Okay, well it isn’t ruining my life, but it is distracting me from doing other things I like to do, or should be doing- like reading. If you’ve been following this blog for a while, you’d know that reading is one of my oldest hobbies. Ever since I learned how to read I’ve always had my nose in a book, magazine, newspaper, brochure, billboard…whatever I could get my hands on or saw other people reading. Nothing else mattered when I had a book in my hands; I literally could not hear you. My mother used to joke that I wouldn’t notice the house burning down around me because I had to finish that last chapter.
Unfortunately, I got older and had less time to read for pleasure. It started in high school when I actually had to start interpreting things and trying to “figure out the significance” of some minute detail in a chapter that I normally would have completely bypassed if it weren’t for the questions we had to answer for the homework. It totally ruined it for me (I was still a straight A student, but I hated the homework. My motto was “just let me enjoy the story”).

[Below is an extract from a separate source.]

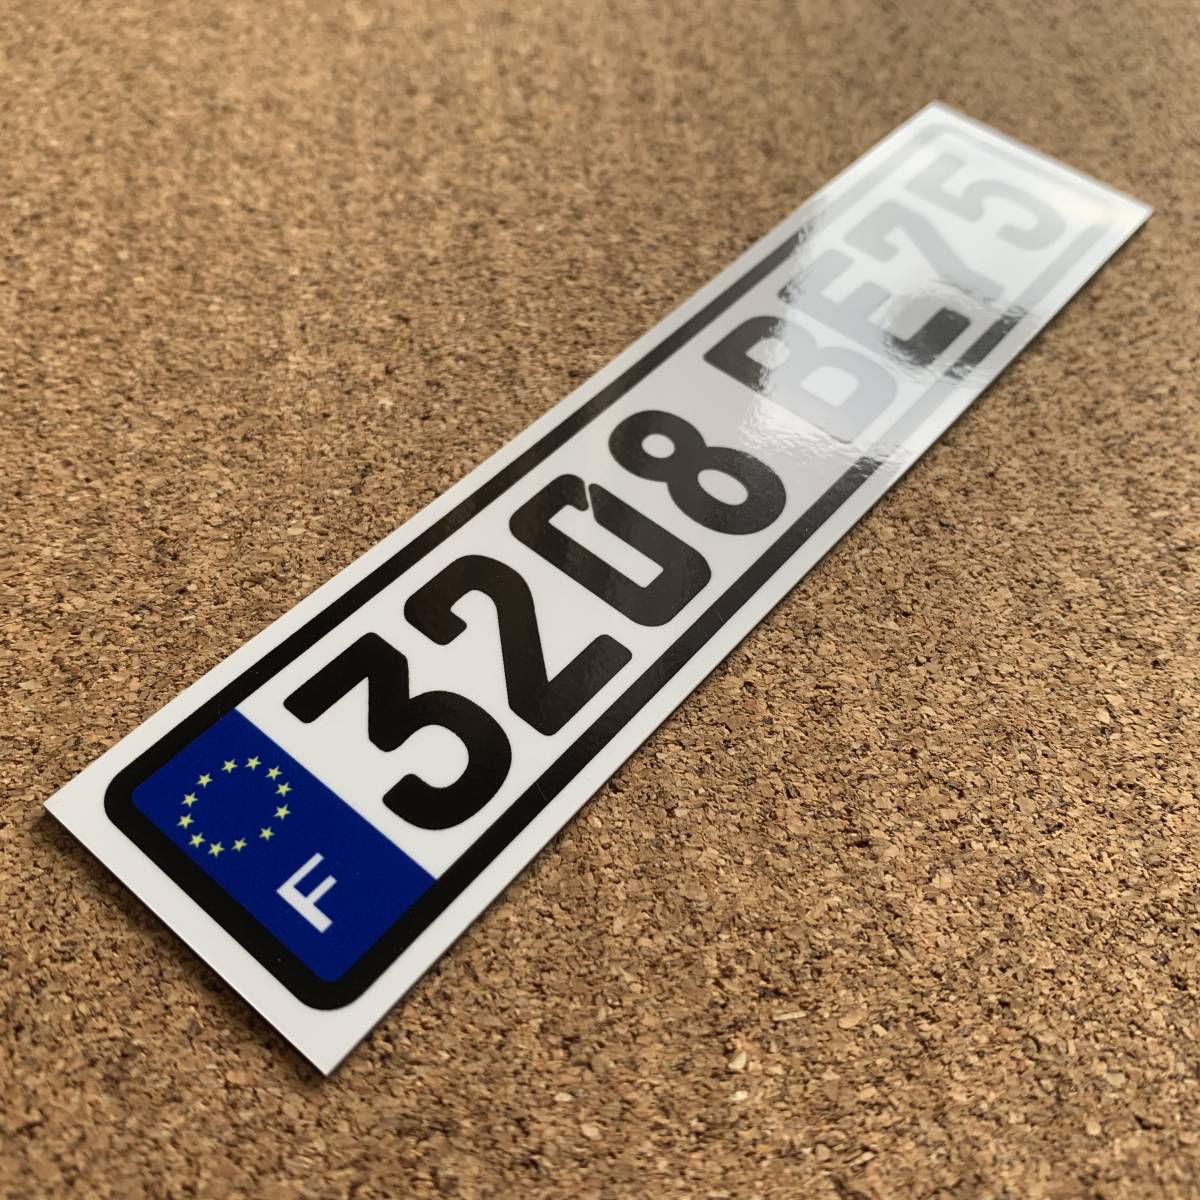 * Mini размер * евро plate стикер * желающий номер указание возможность!14cm размер номерная табличка Германия Volkswagen Benz BMW EU

After I graduated I went to boot camp 3 weeks later. The only thing I read there was the SMART book they gave us- a guide on the basics of “How to be a Solider”. I’m not going to lie: I was lazy as hell my first 2 years of college. I didn’t want to do ANYTHING. After some time I felt guilty and joined a mail order book club and would read in between semesters. Now, I’m a working woman and I have to force myself to make time to read, but I don’t think I have the attention span to do it anymore. I use the GoodReads app to keep track of my progress, but it doesn’t help if you don’t use it. I have more than enough books on my iPad and my Kindle to keep me occupied for months, but I just don’t read them – and in some cases, finish them. The younger version of myself is so disappointed.
I need to get it together. I always look at my book shelf at all the half-read books I have up there and they are just mocking me. They are looking at me with disappointment too. The bums.
I’ve started reading On Writing by Stephen King. I’ve only read one other Stephen King book in my life, about an old man who had insomnia. Don’t ask me what the book was about because it took so long to get to the point that I put it down and never picked it up again. I told myself that I would finish this one and I mean it. I will have to make the time. I feel like once I finish this book it will give me some sense of accomplishment so that I will be more motivated to finish the next one. Or, at least that’s what I’m counting on.